11 of 11 people found the following review helpful:
4.0 out of 5 stars
Classic Blues/Folk,
By Voodoo Chili (New Hampshire, USA) - See all my reviews
This review is from: Blues Songs Ballads (Audio CD)
This is a combination CD made from the original LPs "Got a Mind to Ramble" and "Blues, Songs, Ballads." An excellent example of the blues/folk revival of the early 1960s. The singing, guitar, and washtub bass are great. The only thing that keeps me from giving it five stars is that they left off the gospel classic "Just a Closer Walk with Thee" that was on the original "Got a Mind to Ramble" LP. But, it's still one of the best albums out there, and more than worth the price!
7 of 7 people found the following review helpful:
5.0 out of 5 stars
The seminal urban folk revival album of traditional blues,
By A Customer
This review is from: Blues Songs Ballads (Audio CD)

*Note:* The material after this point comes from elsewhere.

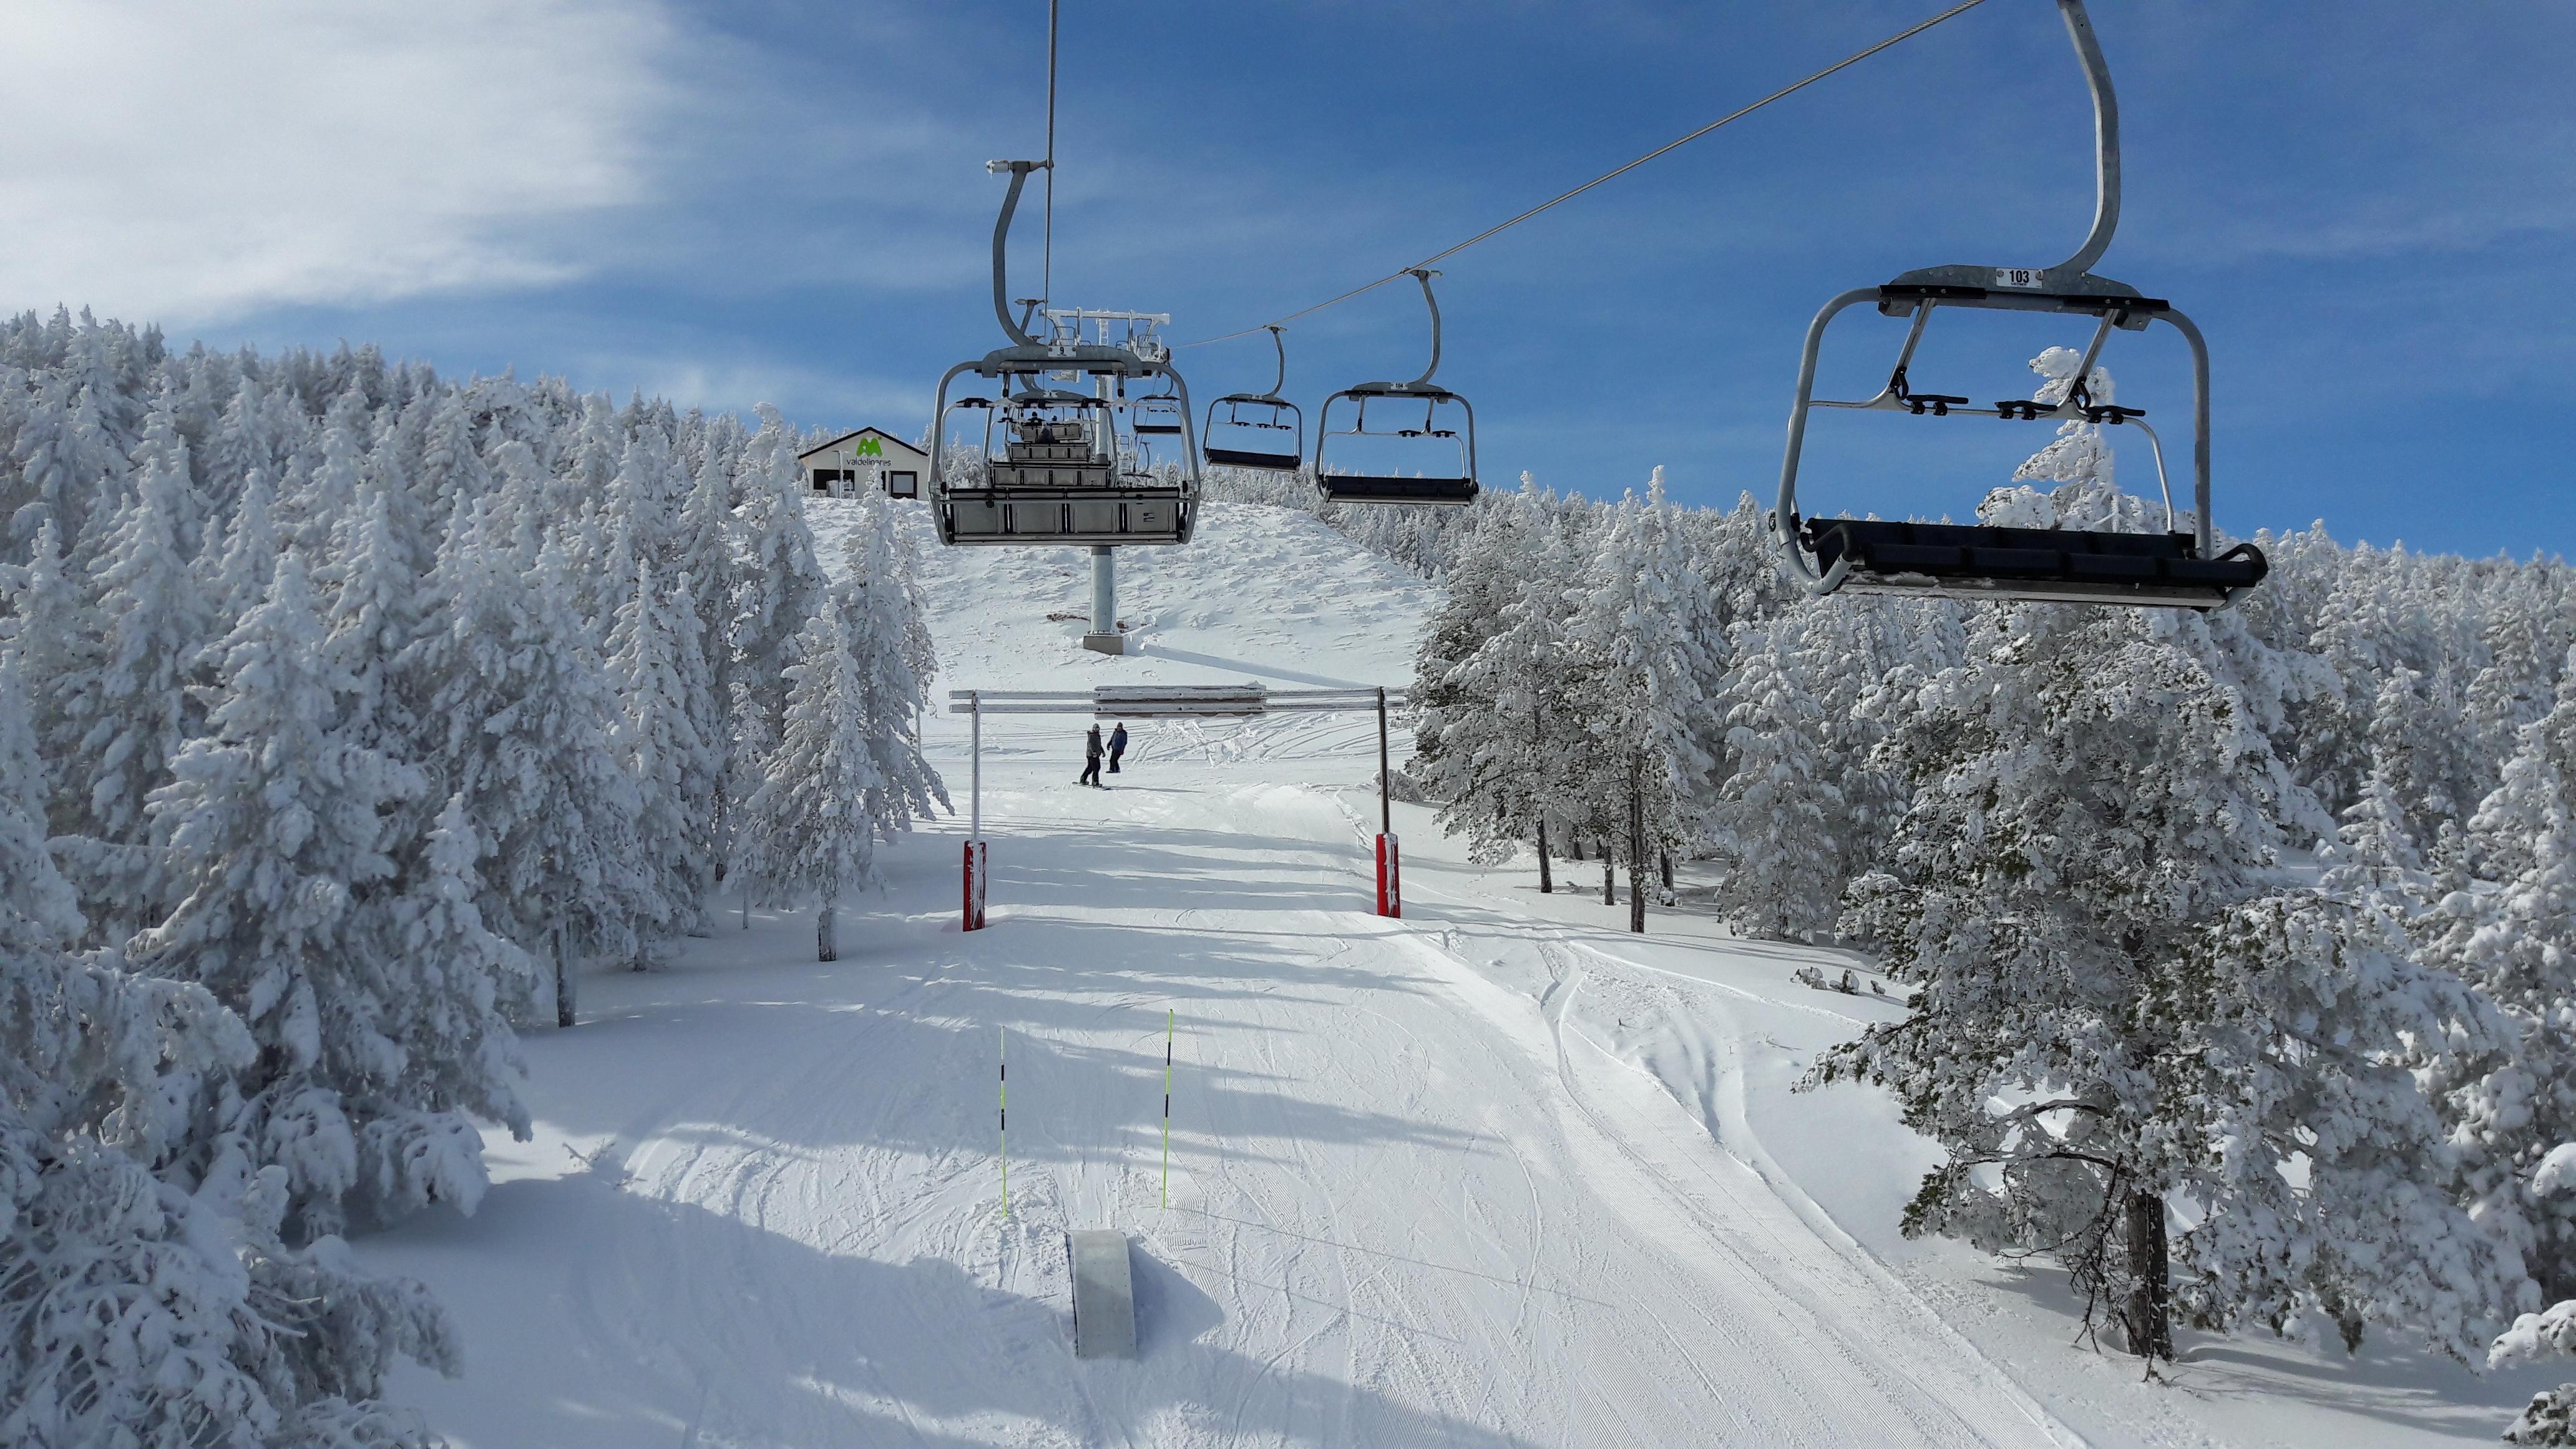 Snowpark Valdelinares
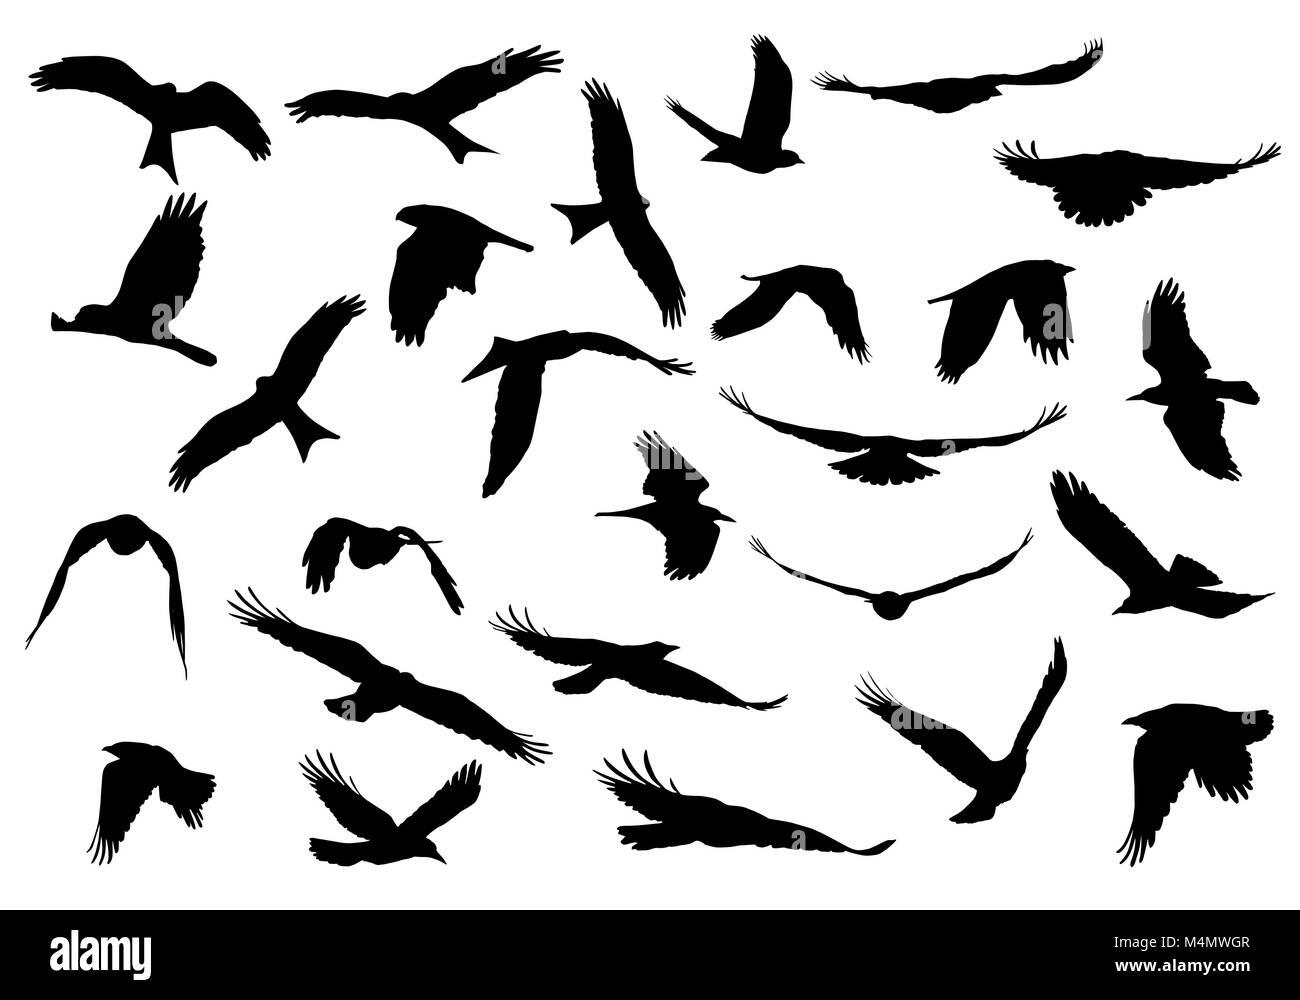 Www tattos www gmail com www fb com www livescores com www fb com simplephotos gallery view original image french minister visits cuba p www suryasixpackbody com copy atharva six pack valid www www suryasixpackbody com thecheapjerseys Images

These two albums came out of the Club 47 period in Cambridge, before Dylan and Phil Ochs and the rest started writing the new stuff. With his easy focused baritone, Tom Rush prefigured the urban warm/cool later perfected by James Taylor and Jackson Browne (two songwriters whose work he was among the first to popularize in "The Circle Game." While Tom Rush stole from everyone, he also did their material better, and his versions of Staggerlee, Cocaine, Sister Kate, San Francisco Bay Blues have stayed in my brain for more than three decades now, overpowering all the other versions. This album and the very-influential-at-the-time "The Circle Game," which also was among the first recordings of Joni Mitchell, are two of the bricks at the foundation of folk-rock.